Но проходил день за днем, его никто не тревожил, и Аюшин постепенно забывал о своем посещении лилового дома. Его отпустило ощущение зависимости, и он написал несколько фельетонов, где его язвительность достигла почти прежнего уровня. Однако он понимал, что все так просто кончиться не может, и готовился к будущему разговору. И вот однажды, когда, потеряв всякую бдительность, он сидел откинувшись в кресле и сочинял название к совершенно безответственному фельетону, перед его глазами возникла покачивающаяся телефонная трубка.
— Тебя, — сказала юная авторша.
— Да! — беззаботно крикнул Аюшин. — Слушаю!
— Здравствуйте, Юрий Николаевич! Плаксин звонит.
— Рад вас слышать! — ответил Аюшин, чувствуя, как сердечко его дернулось в тесноте грудной клетки. — Как поживаете? Как ваши успехи?
— Спасибо, ничего. Забыли вы нас, Юрий Николаевич… нехорошо.
— Что вы, что вы! Забыть вас невозможно! Я помню о вас постоянно!
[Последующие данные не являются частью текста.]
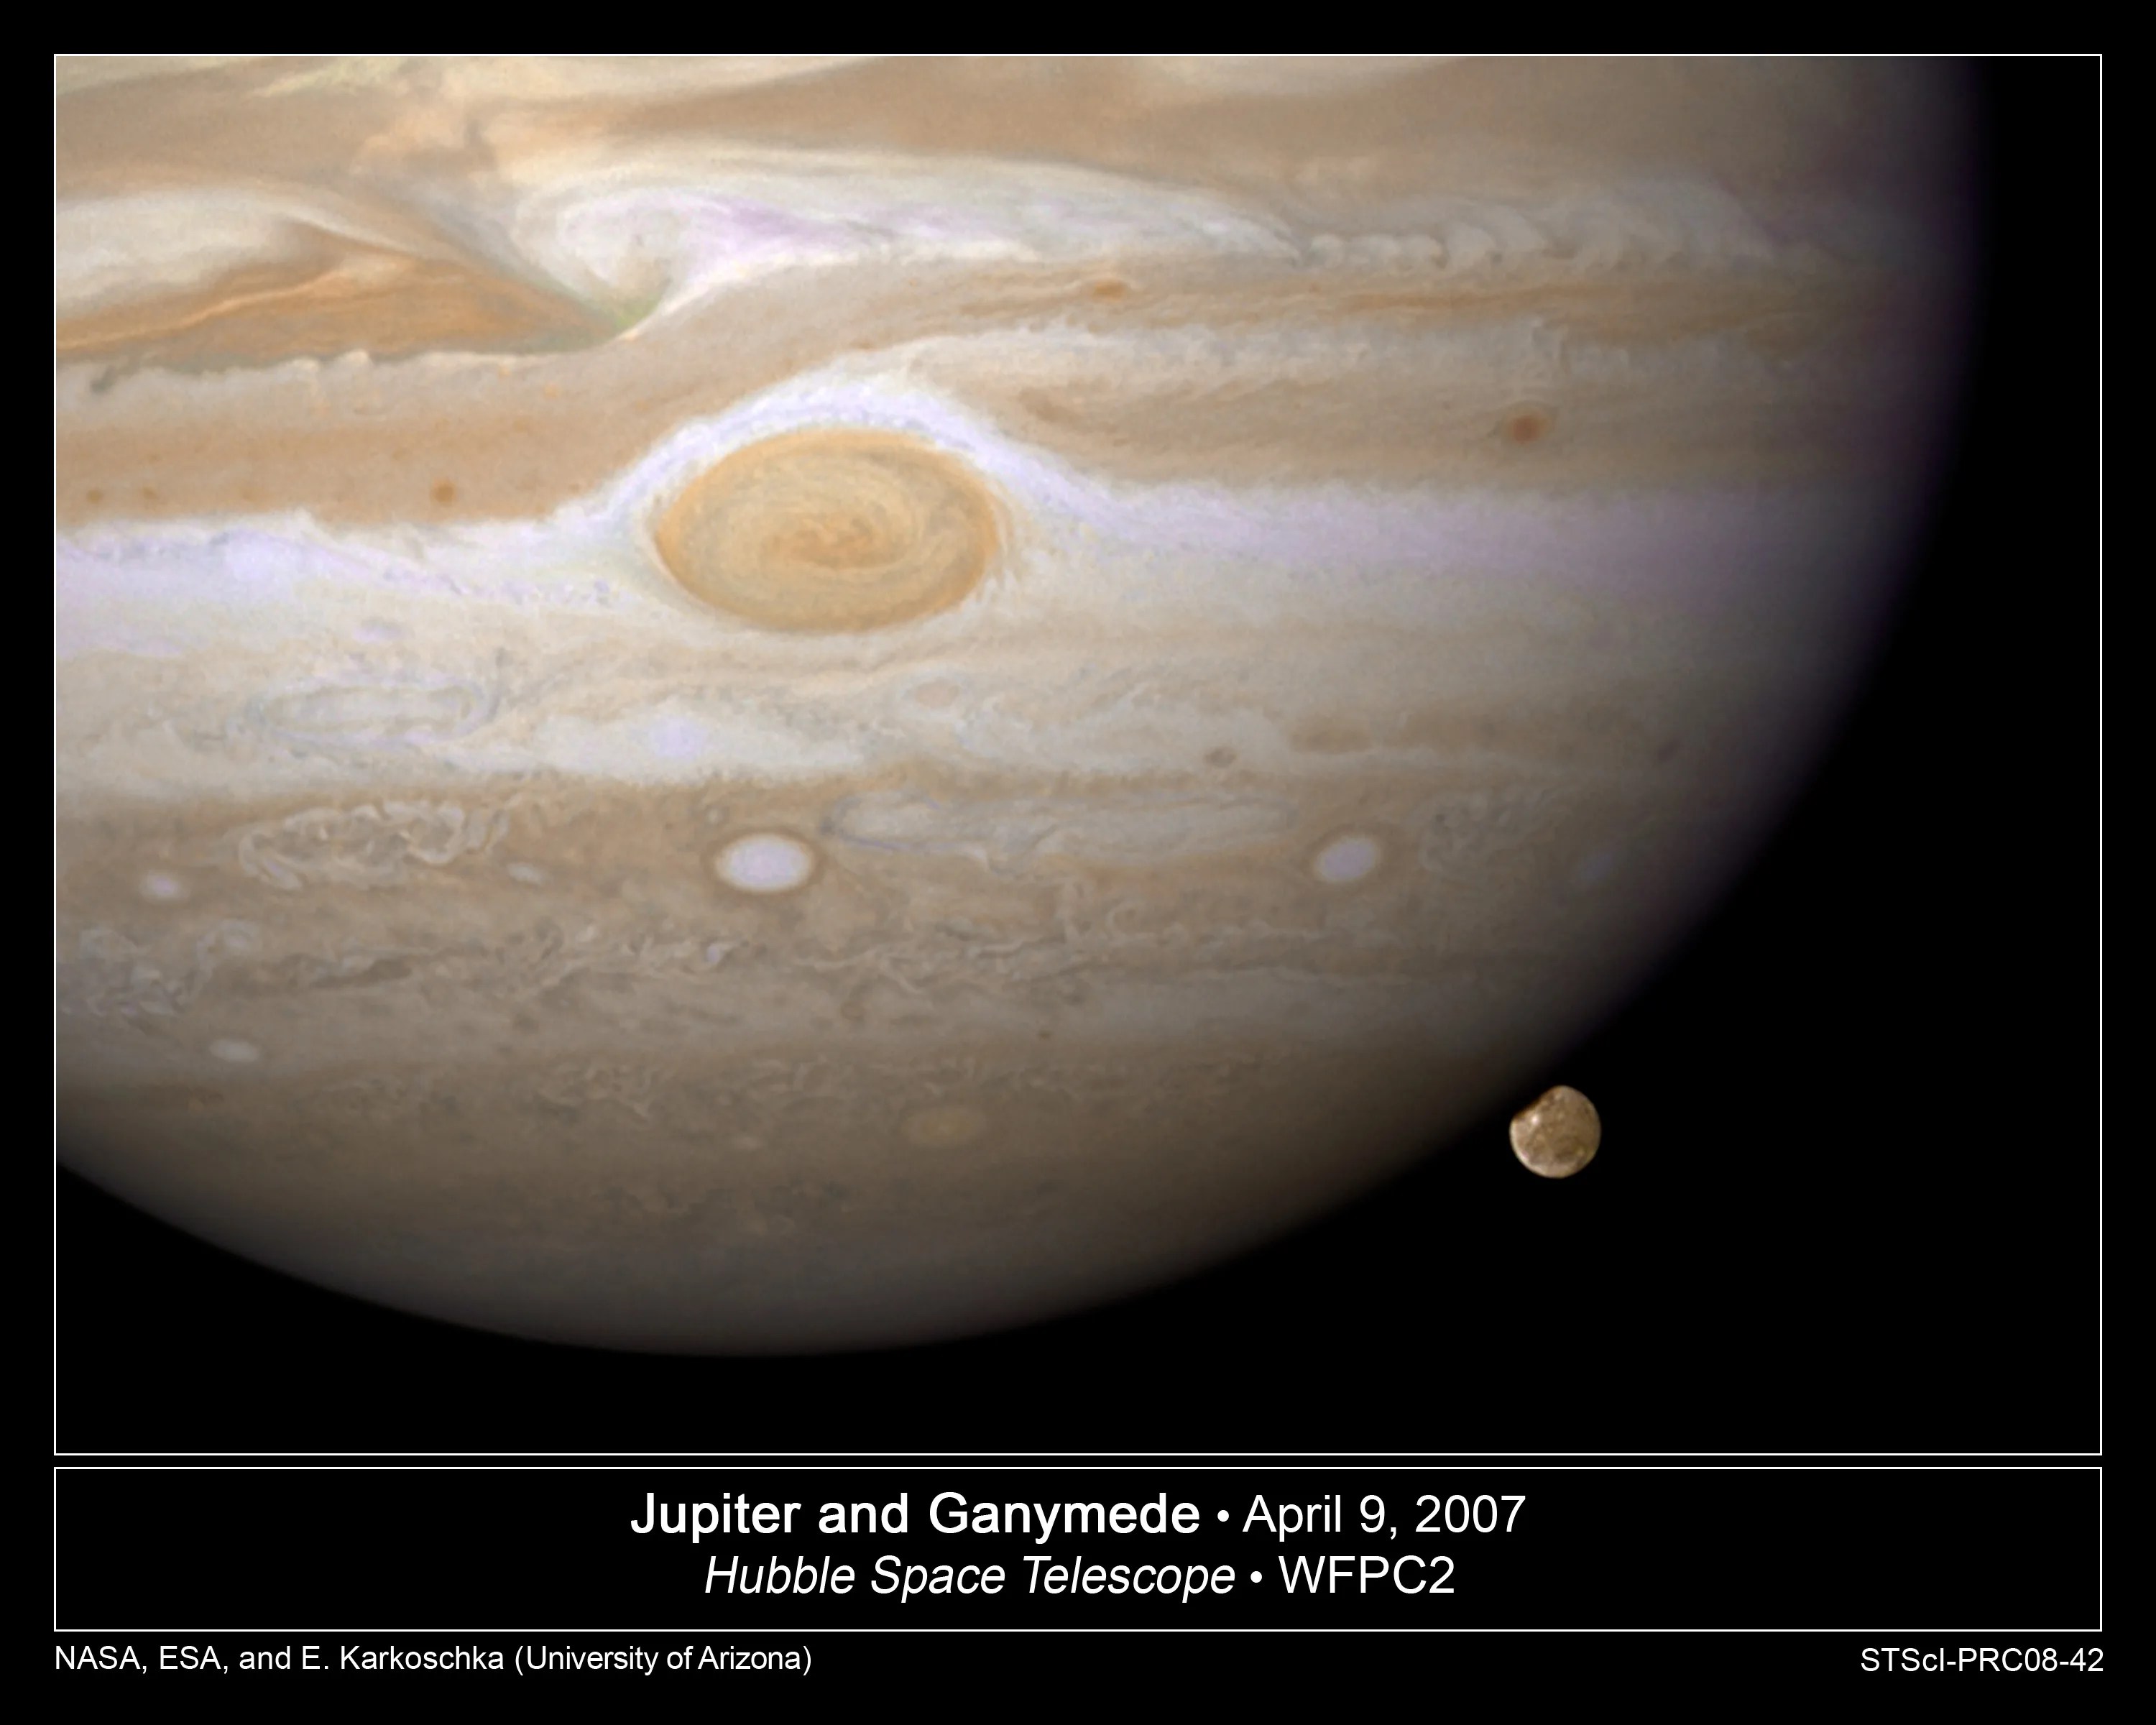 Hubble image of Jupiter and Ganymede

Но вот беда — все нет повода встретиться!
— Вы бы заглянули, Юрий Николаевич… А повод найдется. — По тону Плаксина можно было догадаться, что тот в кабинете не один. Видимо, Балмасов сидел рядом. — Слухи до нас дошли, что с анекдотами вы завязали… Правильно, конечно, но жизнь стала скучнее, а?
— Почему же, есть анекдоты, сколько угодно…
— Юрий Николаевич, — раздался в трубке голос Балмасова, — надо встретиться. Завтра, например. Часа в три. Договорились?
— Боюсь, не смогу.
— Если я правильно понял, не сможете и послезавтра?
— Похоже на то.
— Рискуете, Юрий Николаевич…
— Что делать… Такова жизнь.
— Жаль, очень жаль, — отечески проговорил Балмасов и положил трубку.
Некоторое время Аюшин сидел неподвижно, подперев щеку и глядя в окно. Потом замедленно, вроде через силу, открыл тумбочку, достал бутылку красного вина, приготовленного на вечер, не торопясь открыл ее под остановившимися взглядами нескольких человек, налил полный стакан и все с той же замедленностью выпил.
— Ну ты даешь! — восхитилась юная авторша.
— Жизнь, — Аюшин развел руками, ощущая идущее изнутри спасительное легкомыслие. — А ты? Выпьешь?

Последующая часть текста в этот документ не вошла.